My 6yo son has food aversions and sensory issues, which I suspect yours does too, as young children don't persistently engage in "power games" with an adult when it brings them nothing but their parents ire. To force him to eat that would be like forcing you to eat food scrounged from the bottom of a bin, or a dead spider. It wouldn't kill you, but it would be unreasonable, distressing, cruel and certainly something that would affect you emotionally. It doesn't matter that you know it as healthy food. His brain knows it as horrible, and even if you make him have it, it will still be horrible, but so will you

mobilecrane · 17/06/2022 17:31

Is she definitely overweight? If so, adding in some vegetables won't change that.

A PP asked if those lunchboxes were for between breakfast and teatime/supper. Are they? If so, way too much.

beastlyslumber · 17/06/2022 17:32

Stroopwaffels · 17/06/2022 16:53

Not that it makes any difference, but why are you being so coy over whether you are talking about your son or your daughter? All this "my DC" and constructing sentences to avoid revealing the sex is... weird.

Anyway - don't force him/her. If she/he is overweight, it's because they are eating too many of the wrong things, substituting proper meals for sugar or carbs.

I suspect it's because it's a little girl, and OP knows that what she's doing is looking for justifications to control her eating.

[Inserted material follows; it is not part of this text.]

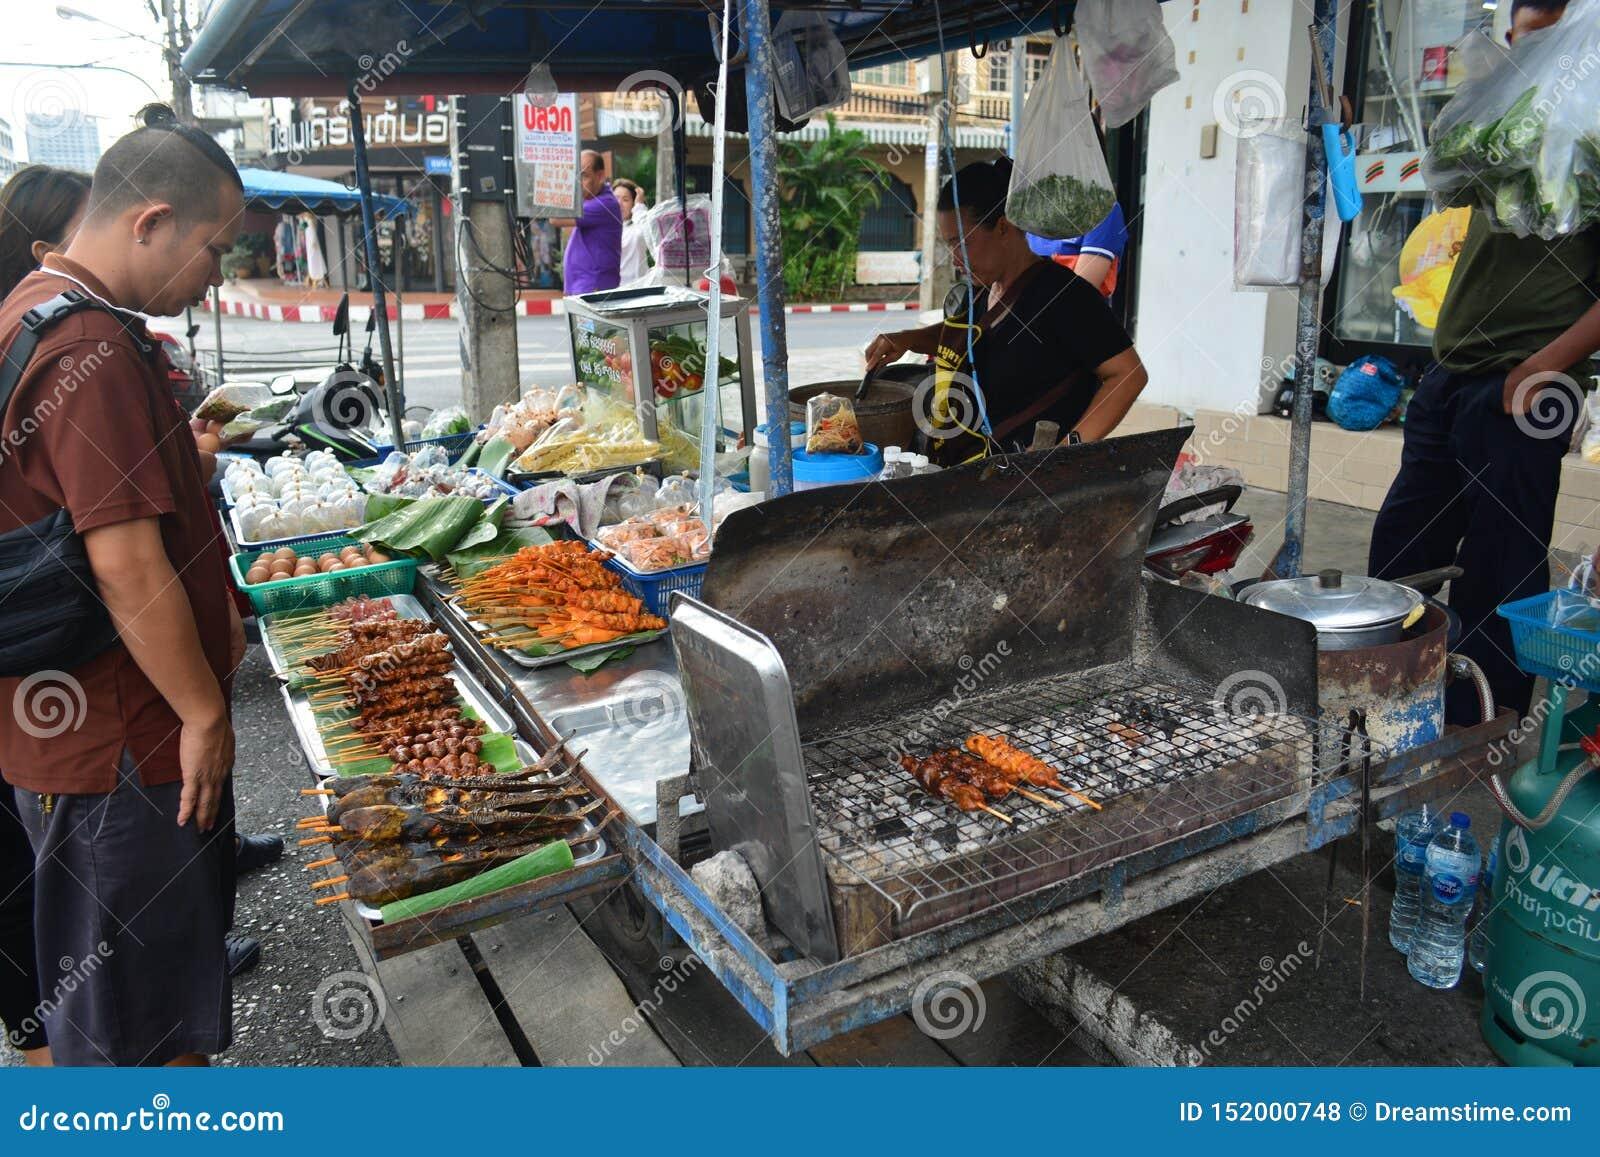 Som-Tam Stall in street food stall the roadside

I question the idea of children going on diets of any kind. They are still growing and changing. I was listening to a podcast recently with a woman saying her mum put her on a diet when she was 11 because her body shape was changing due to puberty - she was putting on weight because she was growing! It caused her lots of issues, including obesity and a binge eating disorder in later life.

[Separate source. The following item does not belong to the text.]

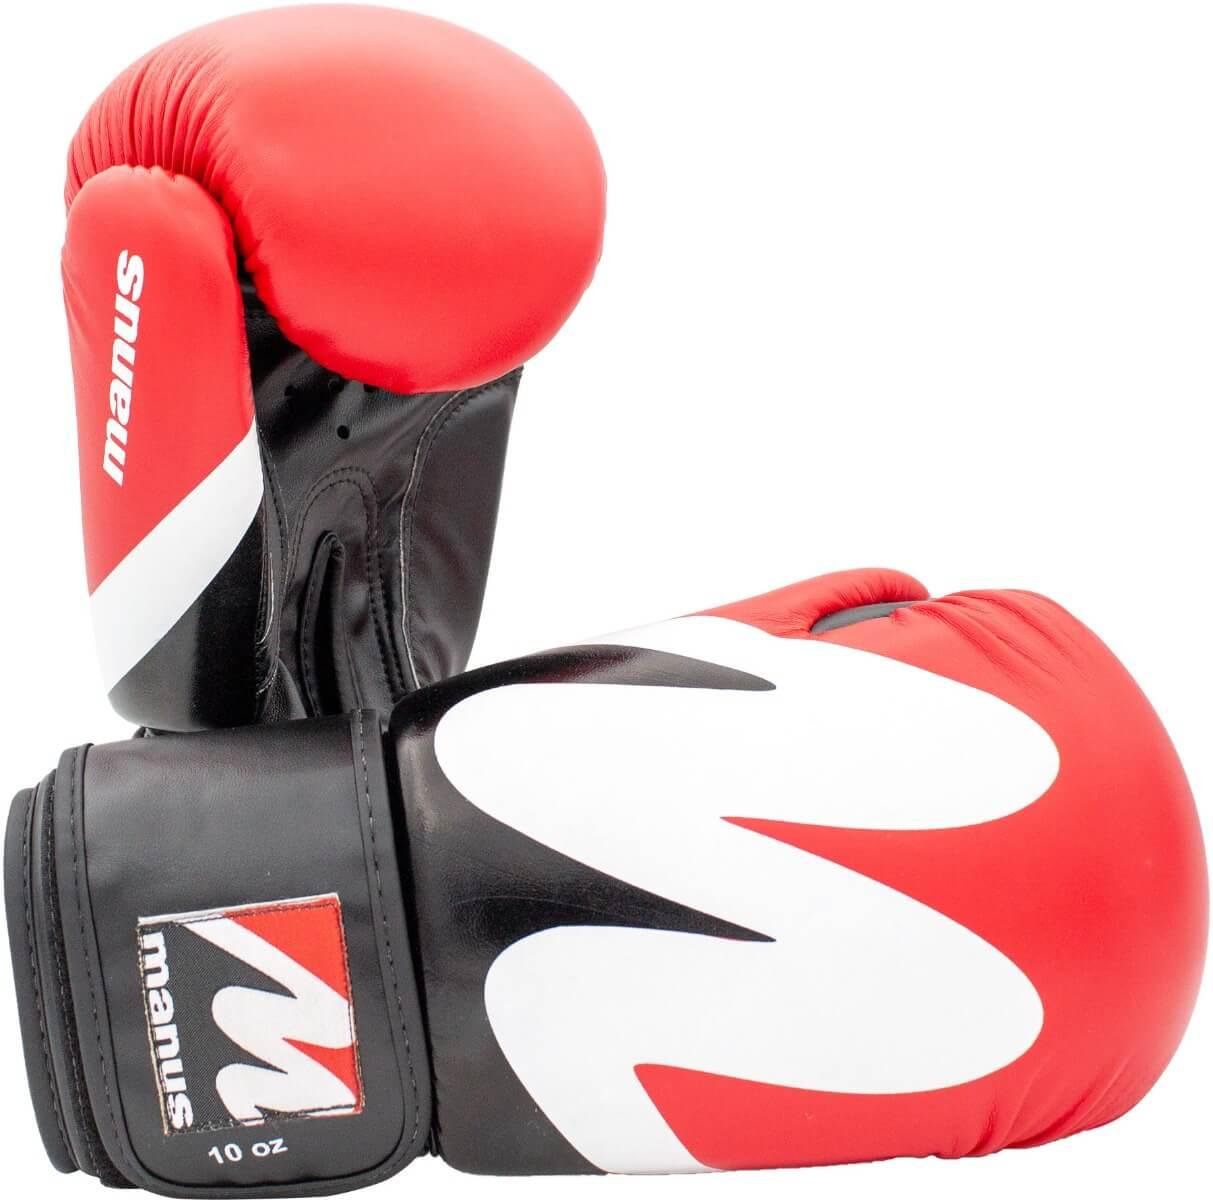 Boxhandschuh Manus 2019 Schwarz-Rot

TeaWithFlorence · 17/06/2022 17:33

"tough love" will set your child up for a lifetime of disordered eating.

Dogroses · 17/06/2022 17:34

Little Anecdote: my Brother wouldn't eat anything except peanut butter sandwiches, mashed potato, corn and chicken nuggets for years. He wouldn't eat sauce. His food couldn't touch. No known sensory issues etc. My mom just gave him what he liked to eat and always offered him what we were having. Eventually as he grew up be wanted to try things. Now as a grown man he eats everything - everything! More adventurous than me and I was the one who loved brocolli and sprouts as a toddler!

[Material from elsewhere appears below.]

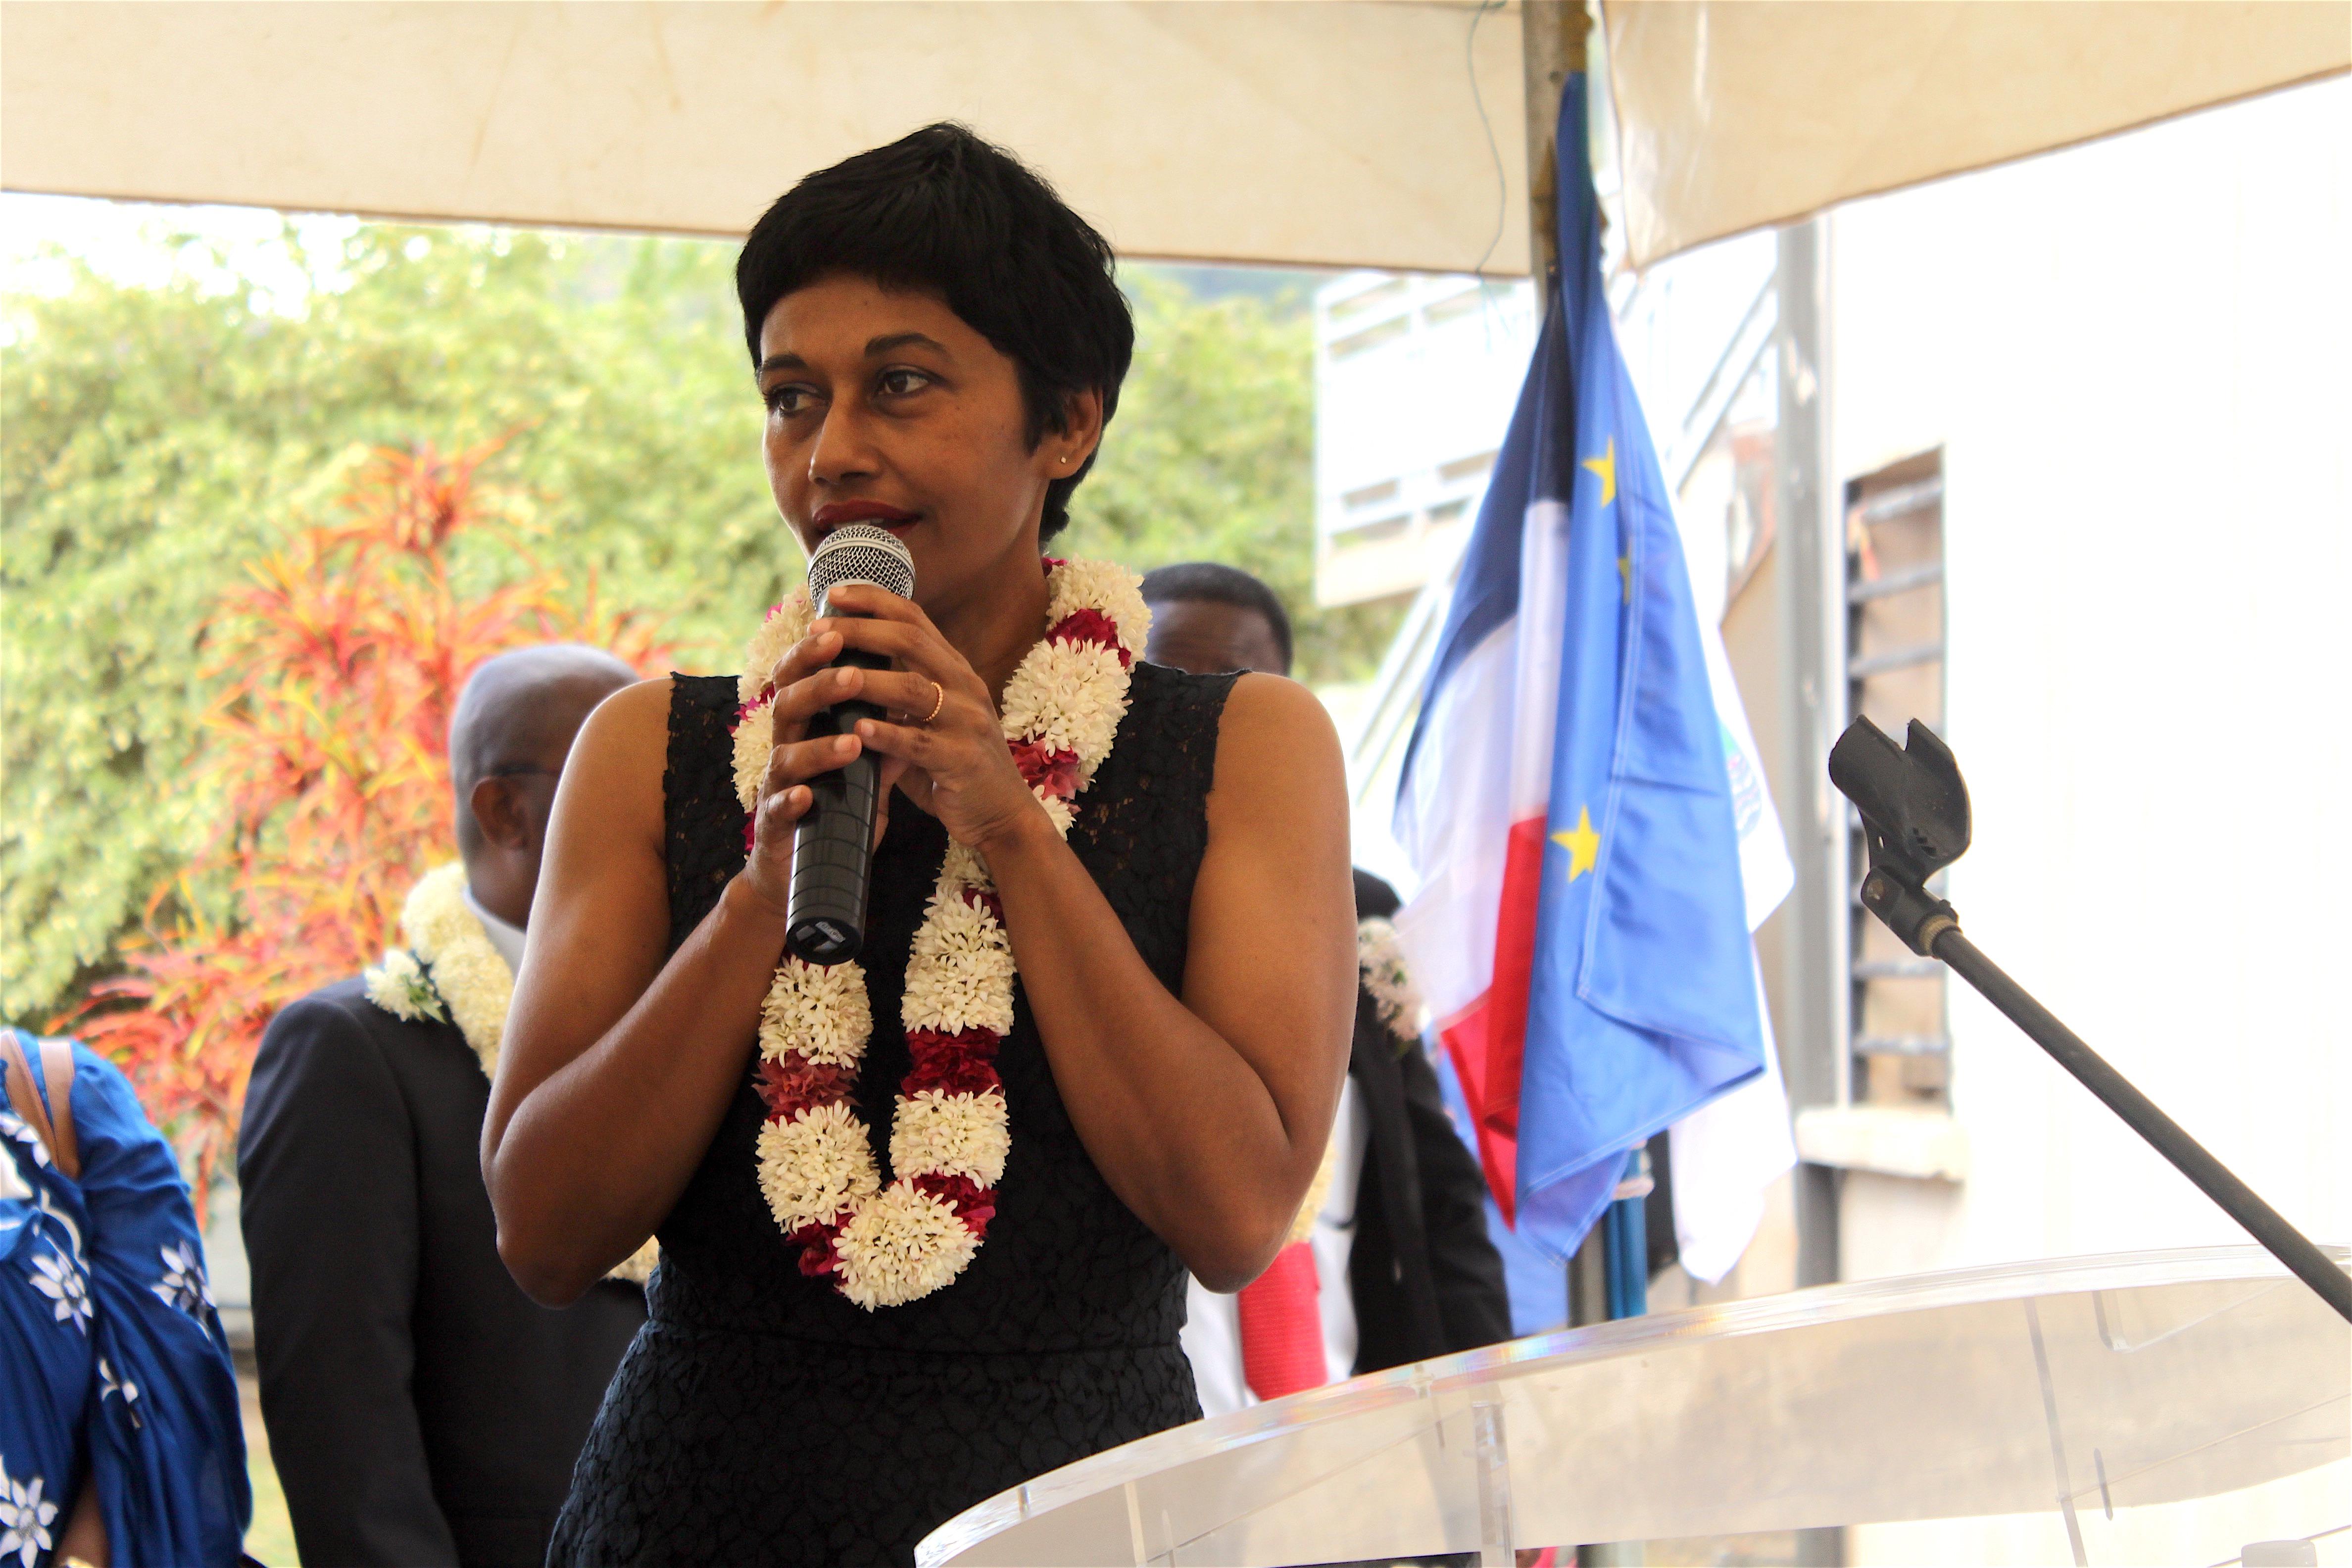 Inondations en Polynésie: jusqu'à 3 millions d'euros d'indemnisation, selon Ericka Bareigts

My own 4yo is quite fussy though he will eat some raw veggies. I used to serve him exactly what we were eating and tell him that was the only option for dinner but we started getting into food battles and 'how many bites?' Lots of tears etc. Now I give him what we're eating but adapted a bit - sauce on the side, raw veggies instead of cooked. And I try not to discuss what he's eating and how much. It's taken a lot of the stress out of it. We all enjoy meals more and I think that's crucial - making meals unpleasant will not improve eating habits.

I also agree that starting small is good. One bite can be celebrated. Everytime he takes a bite of something he doesn't like he's one step closer to developing a taste for it in future.

Another thing is that I have cut down on his snacking and moved his dinner a bit earlier. He has one snack at 3pm and sometimes another piece of fruit. Usually he's really hungry for dinner and sometimes forgets to complain and just eats it!

moita · 17/06/2022 17:36

OP - I get it. It won't work but I know how tough it is

Oaktree1952 · 17/06/2022 17:36

I have 3 fussy children and I have had enough of it as well. I have started refusing to give them snacks. So dd8, dd5 and dd3 will have breakfast (cereal and toast) and then if they are hungry at 10 I will offer fruit. If they are hungry they will eat it and if not then that's fine. I have had to put up with whinging but they are getting used to fruit or nothing.
For lunch and dinner I make them what I'm going to make them. So sandwiches, fruit and crisps for lunch and whatever I am cooking for dinner. I try and make sure the flavours are not too adventurous so spag Bol or shepherds pie or chicken in white sauce etc. including veg. Then if they want to eat it great, if they don't then that's fine too but nothing else is offered. If they want anything sweet (yoghurt, chocolate bar, lolly) then they have to have eaten at least half of what is on their plate.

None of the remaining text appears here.